Stable Contract, Volatile Tail

Feed headers no longer carry the volatile refreshed <ts> line in model-visible text -- unchanged feed content with a TTL refresh now produces byte-identical bytes. The STALE tag still appears when a feed fetch failed and the rendered text is from the last good fetch.

Channel Context Cursors

Live Discord channel context is fetched as a delta-since-watermark instead of a full tail every turn. The proxy keeps a per-agent vector cursor (one entry per visible channel) and rewrites the channel-context feed URL with after=<channel_id>:<message_id> watermarks before sending it to claw-wall. The cursor is committed only after a successful 2xx response is recorded by the session-history writer, so streaming truncation, 5xx upstream errors, and 4xx rejections all leave the cursor untouched and the same delta replays on the next mention. When claw-wall caps a delta response, cllama appends a coverage_partial=true omitted_after_cursor=N newest_returned=... annotation so partial coverage is visible rather than silently swallowed; the cursor still advances to the newest returned message. The wall backfills Discord history on startup before the first forward poll, and feed headers include backfill_status so a partial or rate-limited backing window is visible to operators. See Social Topology · Channel Context Feed for the wire shape.

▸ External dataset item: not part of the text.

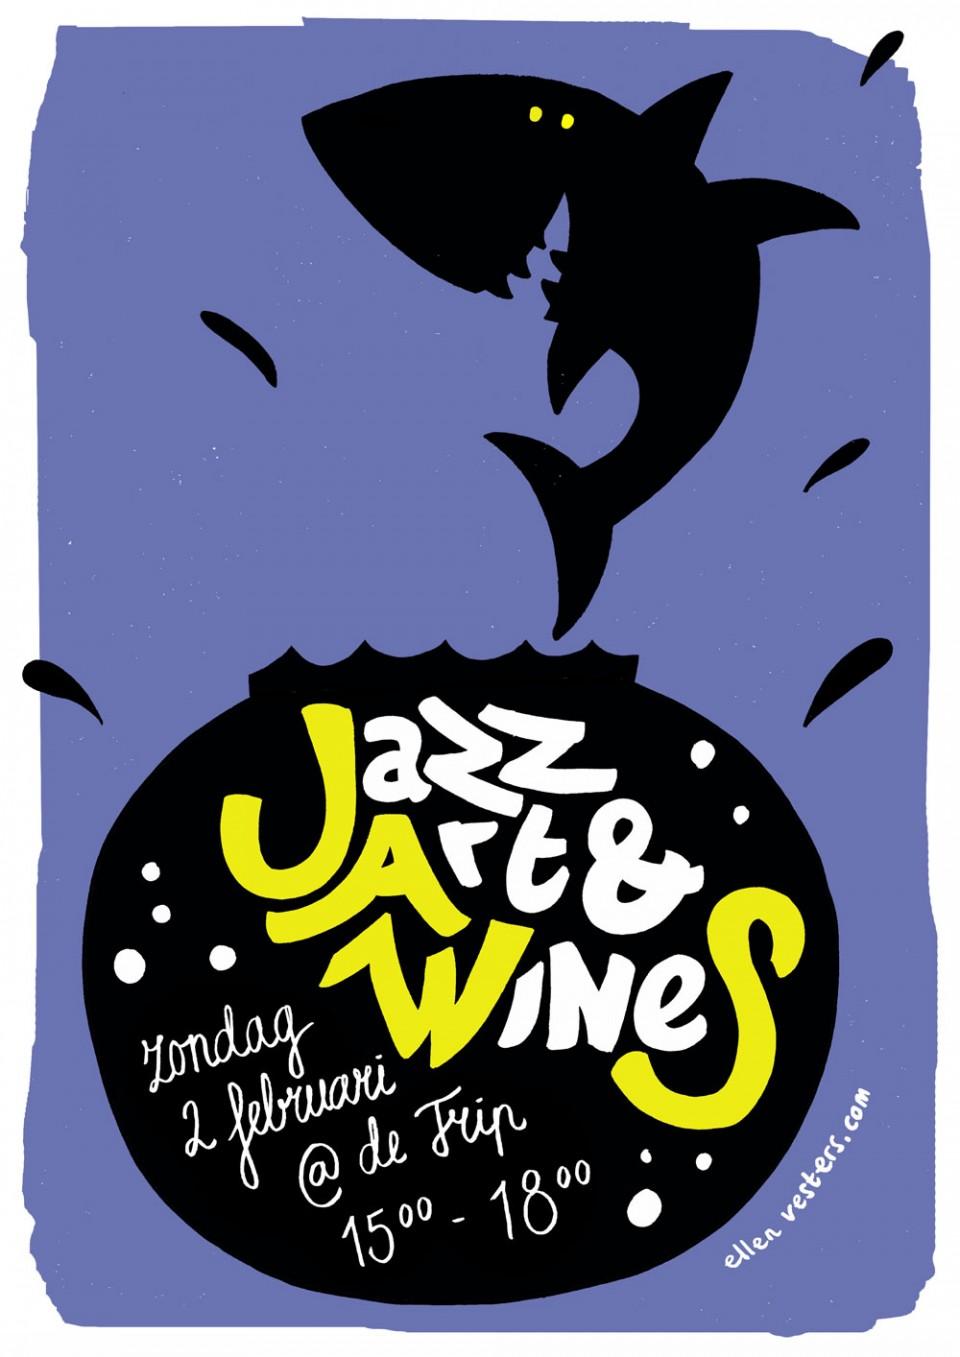 JAWS Jazz Art WineS Festival in Utrecht - poster design by Ellen Vesters

The cursor ledger lives at $CLAW_CONTEXT_LEDGER_DIR/<agent-id>/cursor.json. The default path is $CLAW_SESSION_HISTORY_DIR/context-ledger (i.e. inside the existing read-write session-history mount). When session history is disabled, cursors fall back to in-memory only and every cold start re-bootstraps with a 24h tail.

Provider Execution

The proxy strips the dummy token, attaches the real provider API key, and forwards the request upstream.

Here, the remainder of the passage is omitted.